A Day of Judgment comes on a 25 GB single layer Blu-ray.

Disc Size: 22.6 GB

Feature: 21 GB

Any source related debris is minimal, colors look correct, details look crisp and though grain is present, it looks off during some darker moments.

Audio: 3.75/5

This release comes with one audio option, a DTS-HD mono mix in English and included with this release are removable English SDH subtitles. Though limited range wise, dialog comes through clearly and everything sounds balanced.


Extras for this release include an interview with author Of NIGHTMARE USA Stephen Thrower titled The Atheist's Sins (17 minutes 47 seconds, Dolby Digital stereo English, no subtitles) and an interview with filmmaker Worth Keeter And writer Thom McIntyre titled Tales of Judgment (3 minutes 57 seconds, Dolby Digital stereo English, no subtitles).

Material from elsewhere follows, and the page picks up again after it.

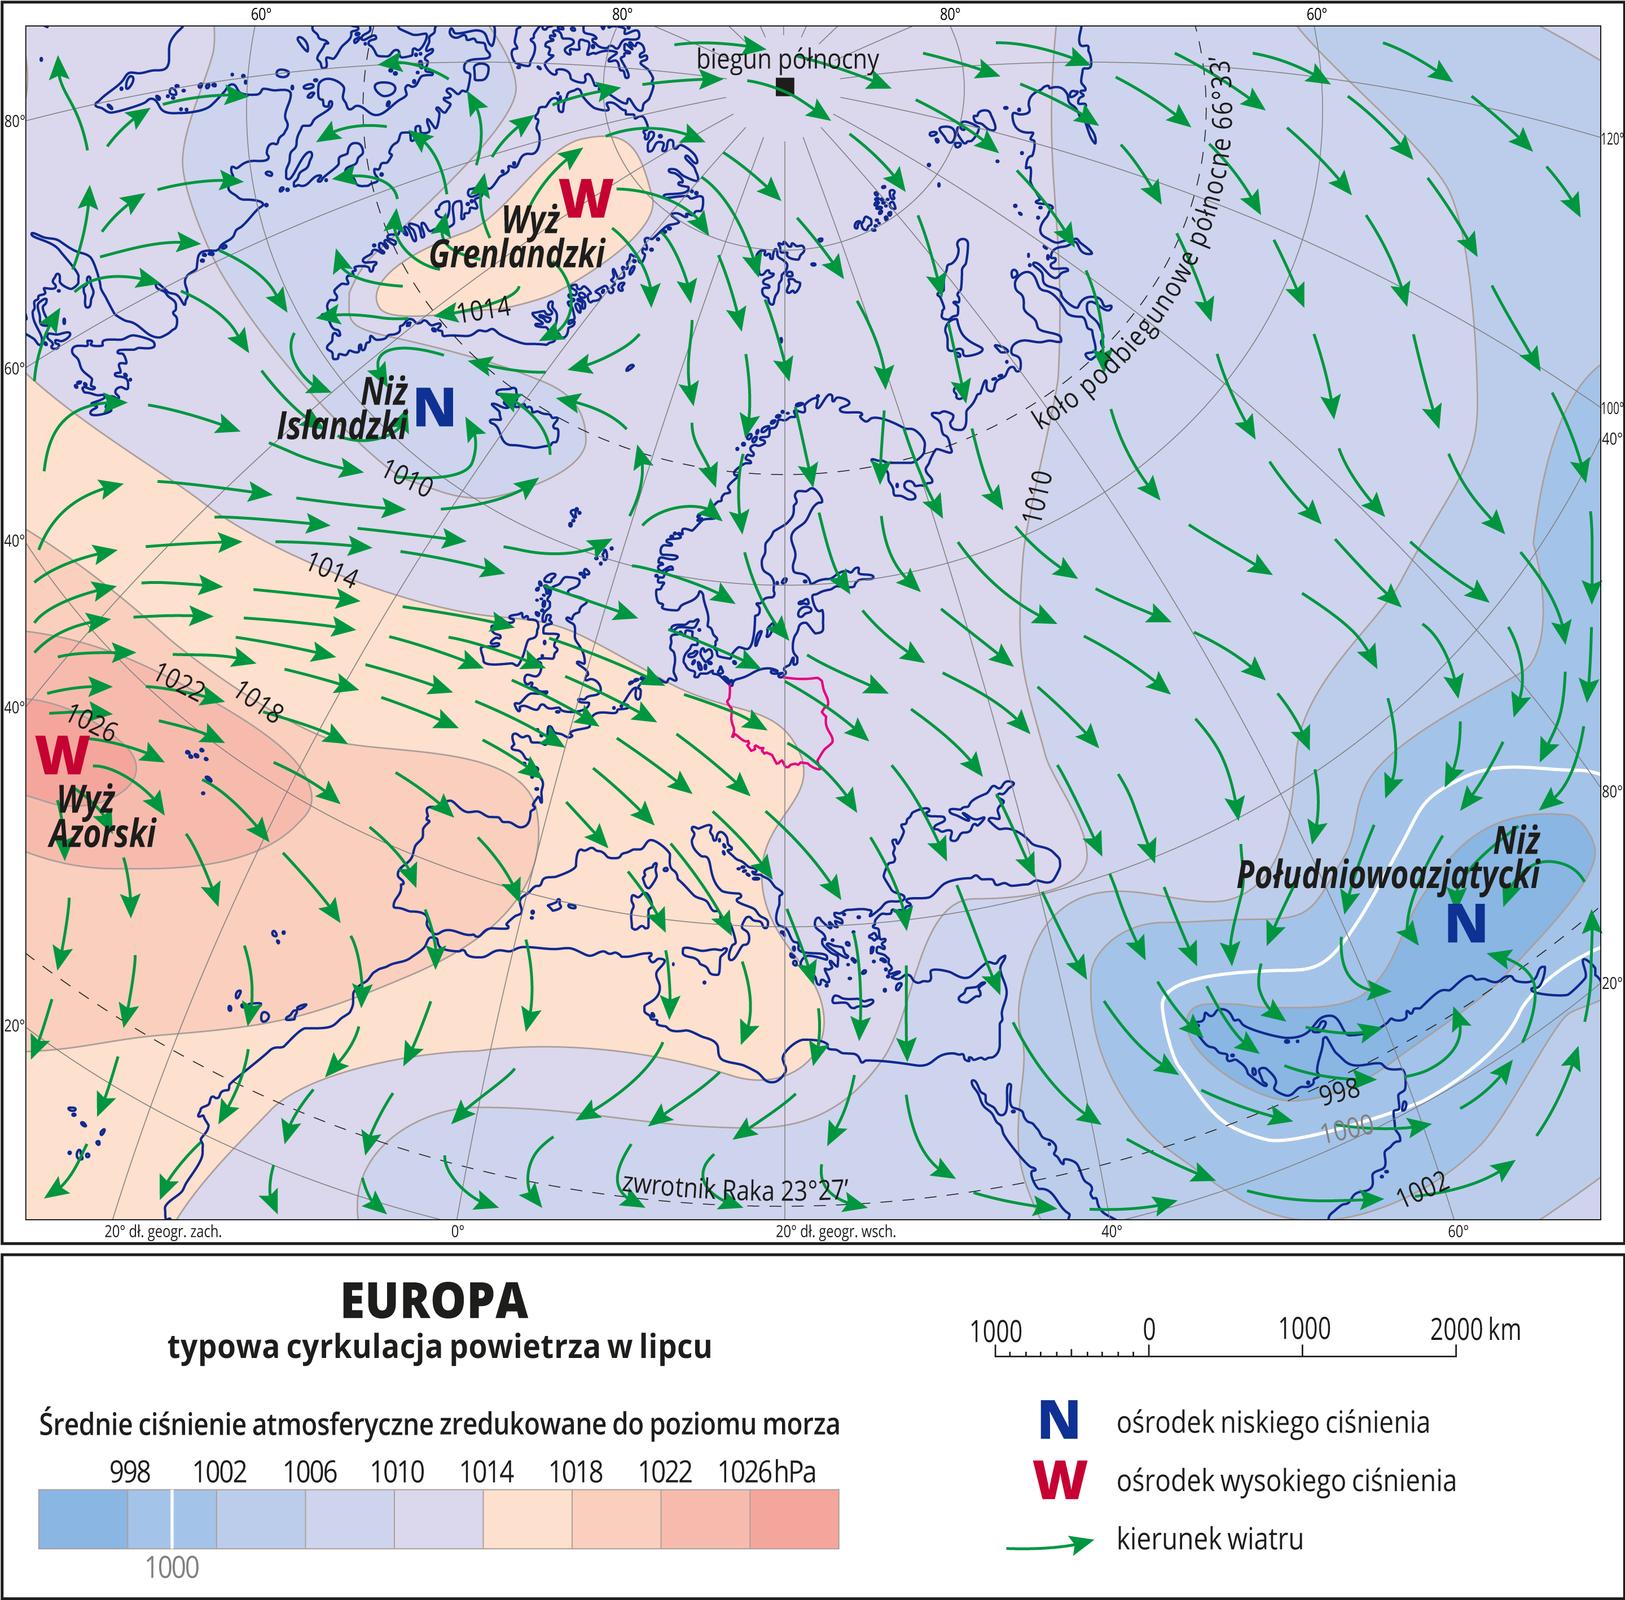 Ilustracja przedstawia mapę Europy iobrazuje typową cyrkulację powietrza wlipcu. Na mapie kolorami zaznaczono wartości ciśnienia atmosferycznego zredukowane do poziomu morza. Odcienie koloru pomarańczowego oznaczają obszary owysokim ciśnieniu, odcienie koloru niebieskiego oznaczają obszary oniskim ciśnieniu. Czerwonymi literami Wopisano ośrodki wysokiego ciśnienia (Wyż Grenlandzki, Wyż Azorski), niebieskimi literami Nopisano ośrodki niskiego ciśnienia (Niż Islandzki, Niż Południowoazjatycki). Zielonymi strzałkami oznaczono kierunki wiatru (od wyżu do niżu). Na mapie opisano izobary co cztery hektopaskale. Najniższa wartość wynosi dziewięćset dziewięćdziesiąt osiem hektopaskali, najwyższa wartość wynosi tysiąc dwadzieścia sześć hektopaskali. Mapa pokryta jest równoleżnikami ipołudnikami. Dookoła mapy wbiałej ramce opisano współrzędne geograficzne co dwadzieścia stopni. Na dole mapy wlegendzie opisano kolory iznaki użyte na mapie.

Death paints the town red. A Day of Judgment is a morality tale where the grim reaper pays sinners a visit. And though this premise is full of possibilities. Unfortunately, the premise is poorly executed.

Though the premise would lead one to believe that A Day of Judgement is a horror film. The result is something that’s actually better described as a melodrama. Also, anyone expecting gory deaths are sure too be disappointed. In fact, most of the deaths are underwhelming.

From a production standpoint, A Day of Judgement often exceeds its miniscule budget. And nowhere is the clearer, then when it comes to how effectively A Day of Judgement recreates 1930’s era in which the film takes place. Unfortunately, in just about every other area A Day of Judgement comes up short. Ultimately, A Day of Judgement is a slow-moving melodrama that most viewers will find it a chore to get through.

Severin Films gives A Day of Judgement a strong audio/video presentation and an insightful interview with Stephen Thrower.